On the day I spoke to him upstate, a cold, damp day far from the Florida sun, he’d just heard that Enron’s Jeffrey Skilling had been sentenced to 24 years.

“I never knew any of those guys. I wish I’d never heard of Enron or WorldCom.

“From the beginning, when I moved into Tyco, it was a $24 million-a-year company, and when I left as CEO, it was almost a $40 billion-a-year company.

“After the crash in 2000, which highlighted Enron, there was a dip in our stock – but it went straight back up.

“The trouble is that in the public’s mind, Mark [Swartz, his co-defendant] and I were lumped into that same group. Not one member of Tyco’s 245,000 work force lost a dime in pension or anything to do with their 401(k)s.”

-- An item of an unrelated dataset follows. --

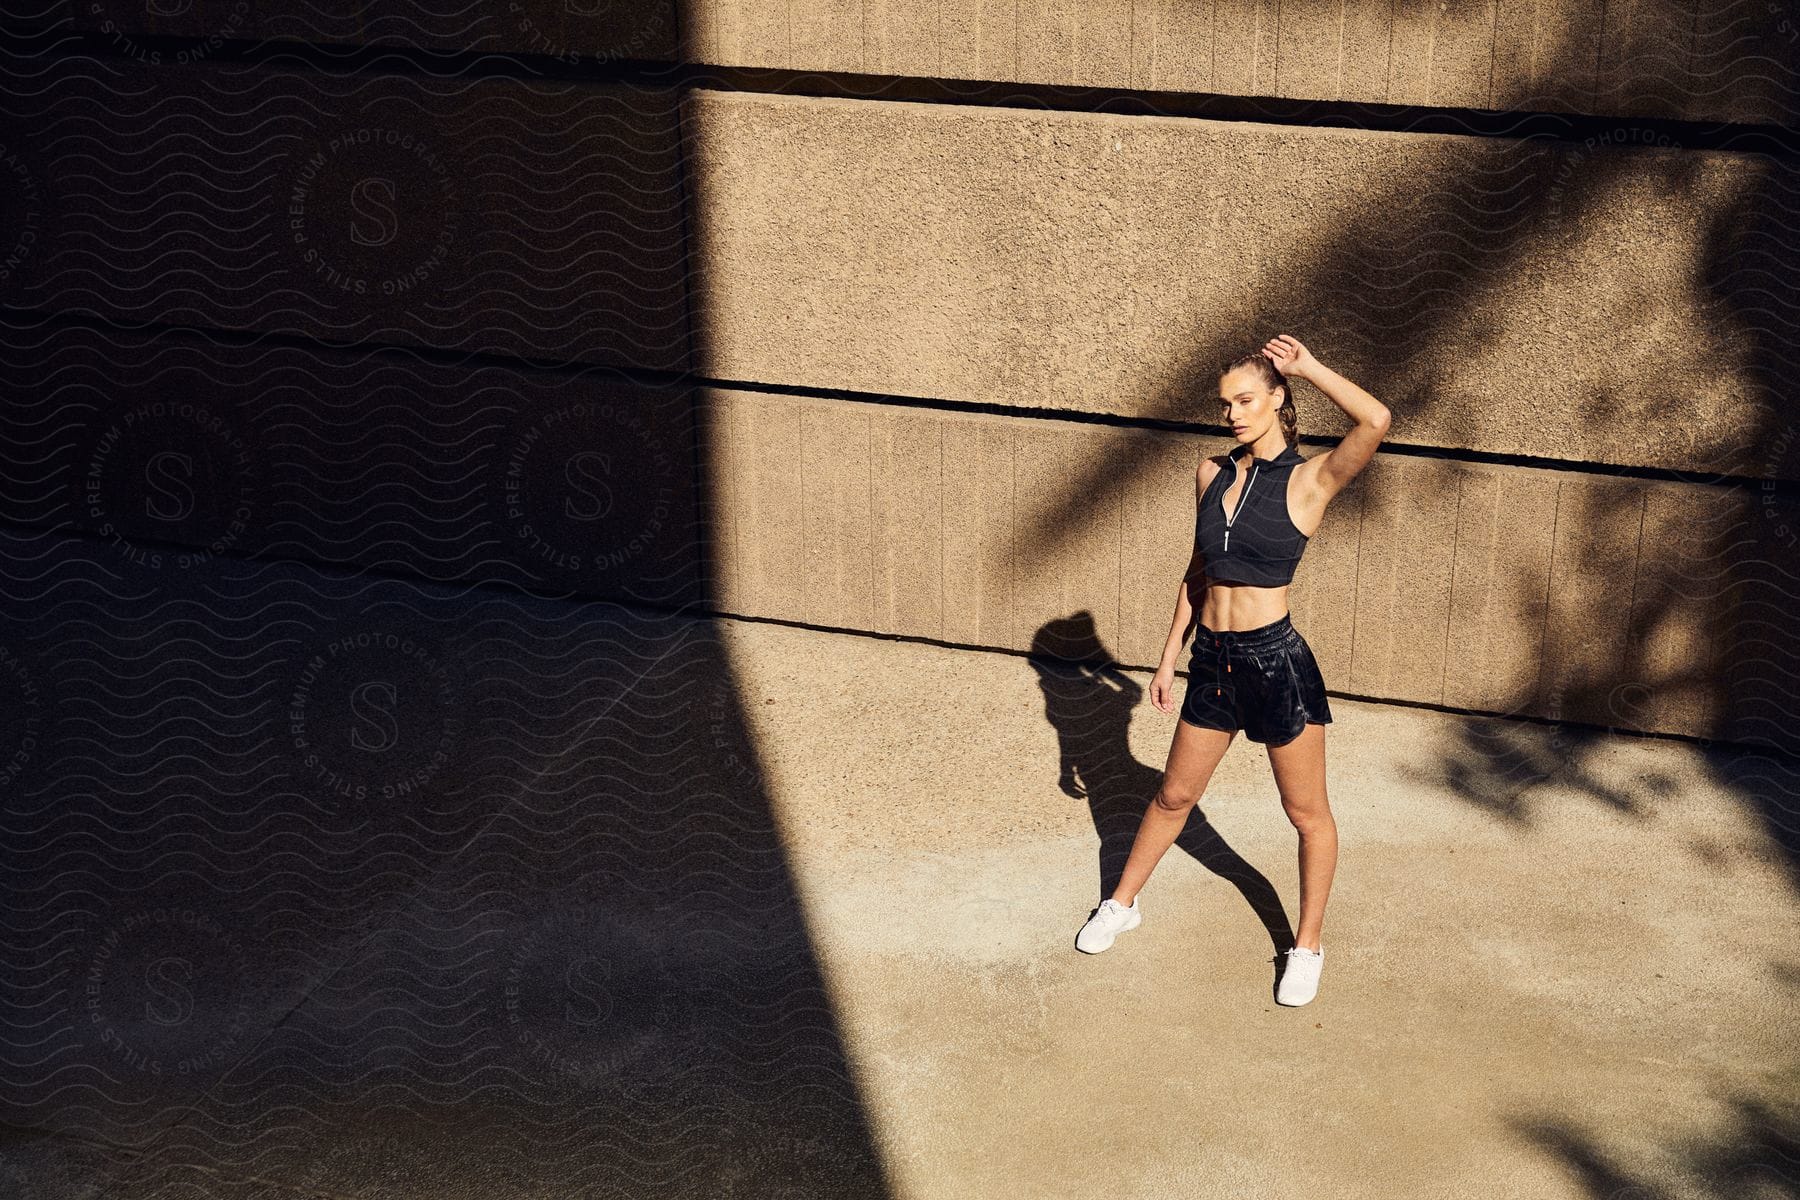 A female model posing on a city sidewalk wearing shorts

“First of all, Tyco owes me $100 million in deferred pay and $300 million in retention bonus.

“I left that money in the company – so who was I stealing from? Myself?”

Dennis explained the retention bonus came in late 2001, when he was thinking of moving on to other horizons.

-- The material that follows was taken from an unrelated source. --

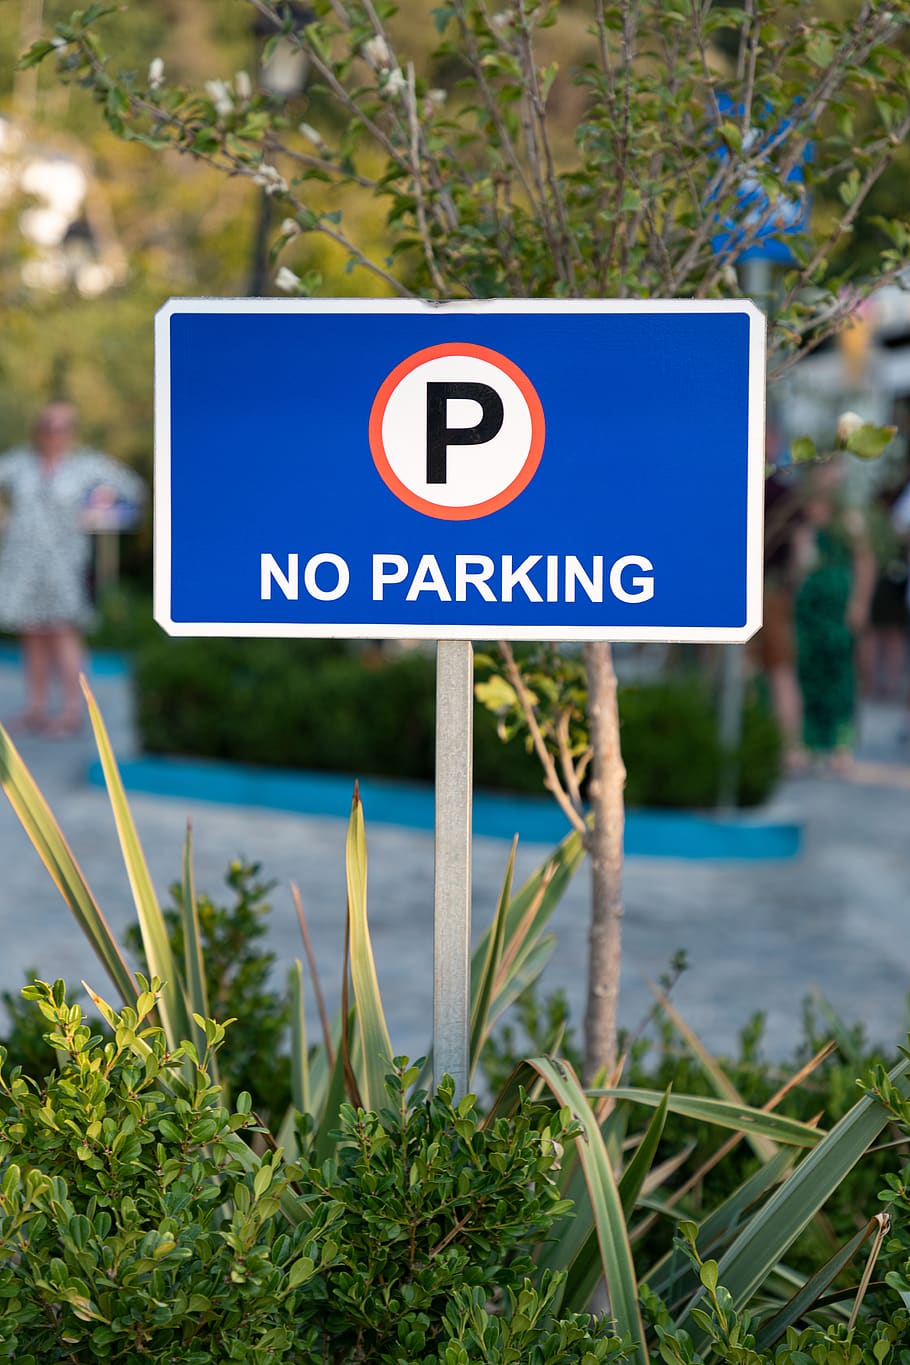 no parking, parking, board, road sign, prohibitory, gebodsbord, indication, warning, alert, sign

“The four-member compensation committee approached me and said that if I stayed on as CEO until I was 62, I would be paid $300 million plus my $100 million deferred pay. It came to more than $400 million.

“I really outstayed my welcome at Tyco, and for some of my enemies, it was a mistake to agree to that money. It made me look greedy.

“And the lifestyle – which I didn’t particularly enjoy, because 80 percent of my time was work and travel to the 60 countries where Tyco had business – went against me.”

Now life for Dennis is dramatically different.

“I get up at 6 a.m. to help prepare food delivery to the 20 inmates in the protective-custody unit. I serve them breakfast, lunch and dinner, then I mop the floors.

“At 8:30 a.m., we go into the yard, pick up trash for an hour and then have recreation for an hour where I throw around the football or shoot hoops.

“I’ll busy myself doing anything and any job to stay out of that cell. I read three to four books per week – all nonfiction. I saw enough of fiction during the trial.

“Weekends are full with visitors – my daughters, sisters and friends. At least six of my friends were executives at Tyco.” Does he think about the old times when luxury was the norm?

“Two weeks ago, the government sold my yacht. Doesn’t bother me. I only have to concentrate on one thing, and that’s the appeal. Of course, those days drift back into your mind, but you must not, never dwell on it, it will destroy you,” he said.

The man, who had constant goals of being the millionaire whiz kid of American business, says his main goal right now is helping three fellow inmates pass their GEDs.

“Just now, in mathematics, I finally got one inmate to master division.”

Karen is trying to prevent the government from immediately selling off Kozlowski’s luxury properties – since she feels she’s still entitled to half of the marital assets.

It appears she excelled at addition – and subtraction.